Task description: For the material below, return exactly the lines starting at the one holding "Le 20 août 2019, l'actrice" and ending at the one holding "以美式复古风为主，特别之处在", counting both as part of the range.

┌─ Extracted entries

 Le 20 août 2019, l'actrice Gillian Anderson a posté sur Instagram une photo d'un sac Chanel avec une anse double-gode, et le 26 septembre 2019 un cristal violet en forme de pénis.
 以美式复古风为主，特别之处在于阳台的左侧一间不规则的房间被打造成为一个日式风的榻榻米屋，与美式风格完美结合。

└─
┌─ Extracted entries

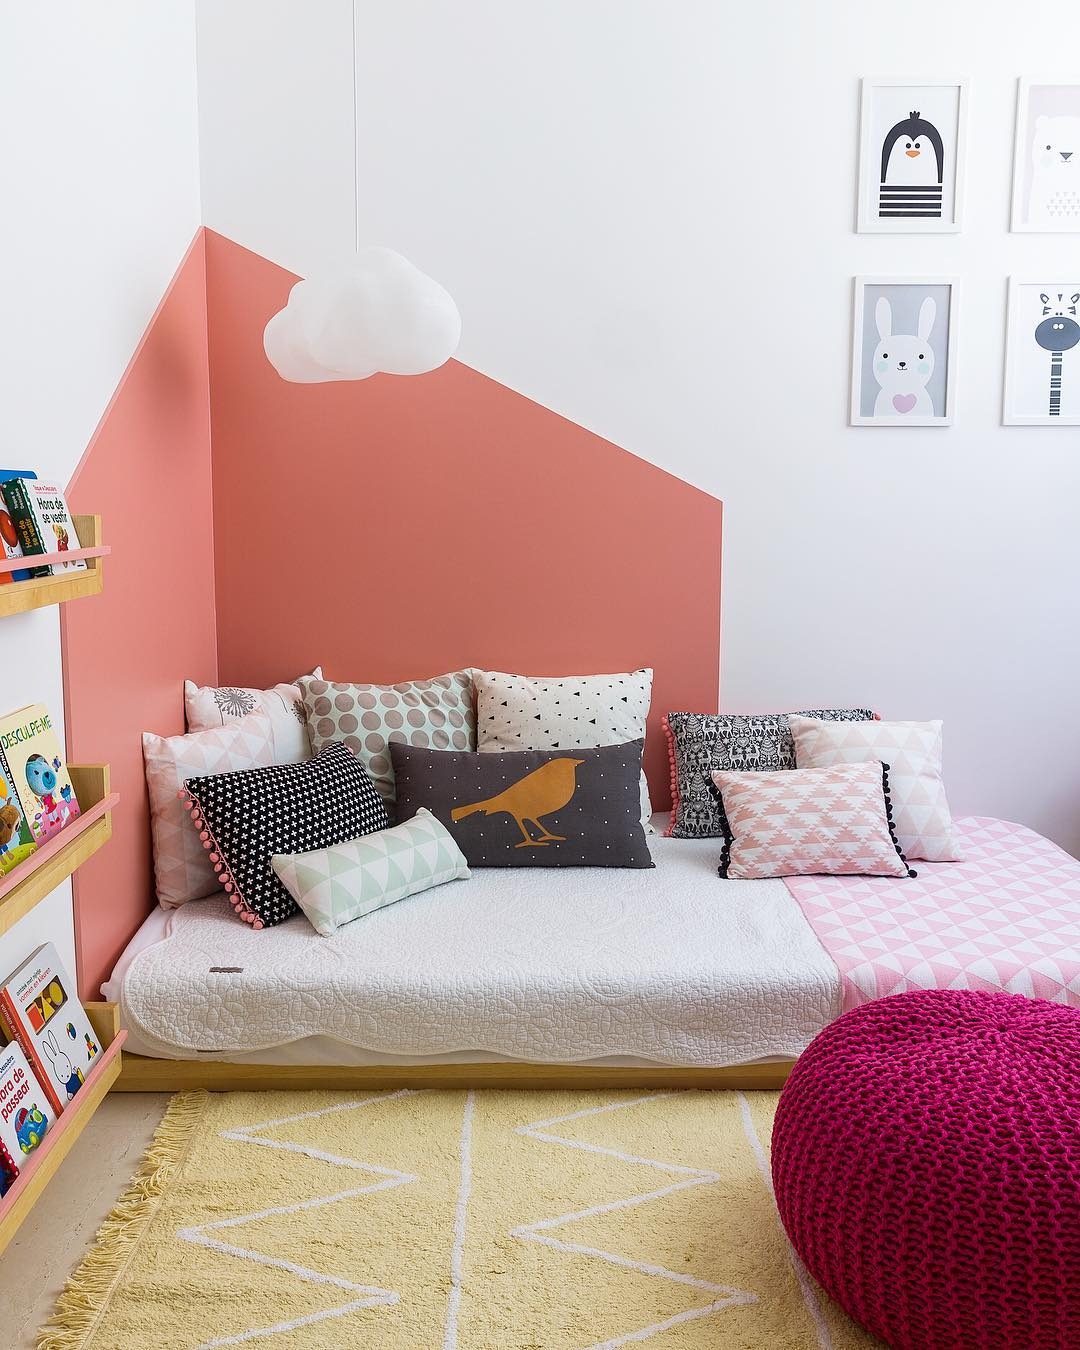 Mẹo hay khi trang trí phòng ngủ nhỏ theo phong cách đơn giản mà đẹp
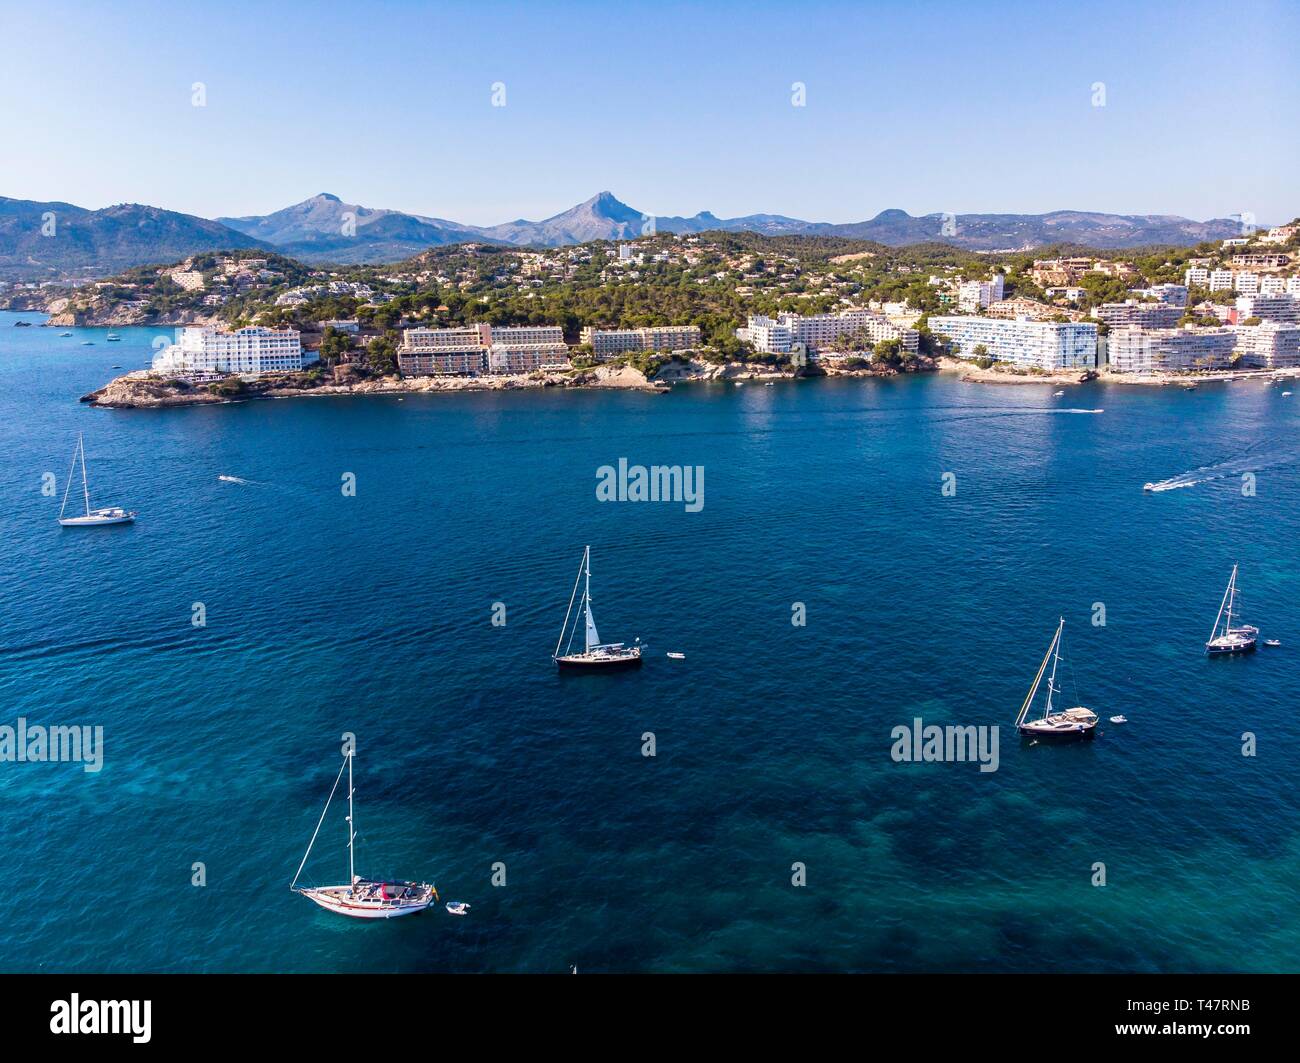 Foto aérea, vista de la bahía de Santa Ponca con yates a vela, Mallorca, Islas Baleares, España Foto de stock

└─

Written response:
 Le 20 août 2019, l'actrice Gillian Anderson a posté sur Instagram une photo d'un sac Chanel avec une anse double-gode, et le 26 septembre 2019 un cristal violet en forme de pénis.
 以美式复古风为主，特别之处在于阳台的左侧一间不规则的房间被打造成为一个日式风的榻榻米屋，与美式风格完美结合。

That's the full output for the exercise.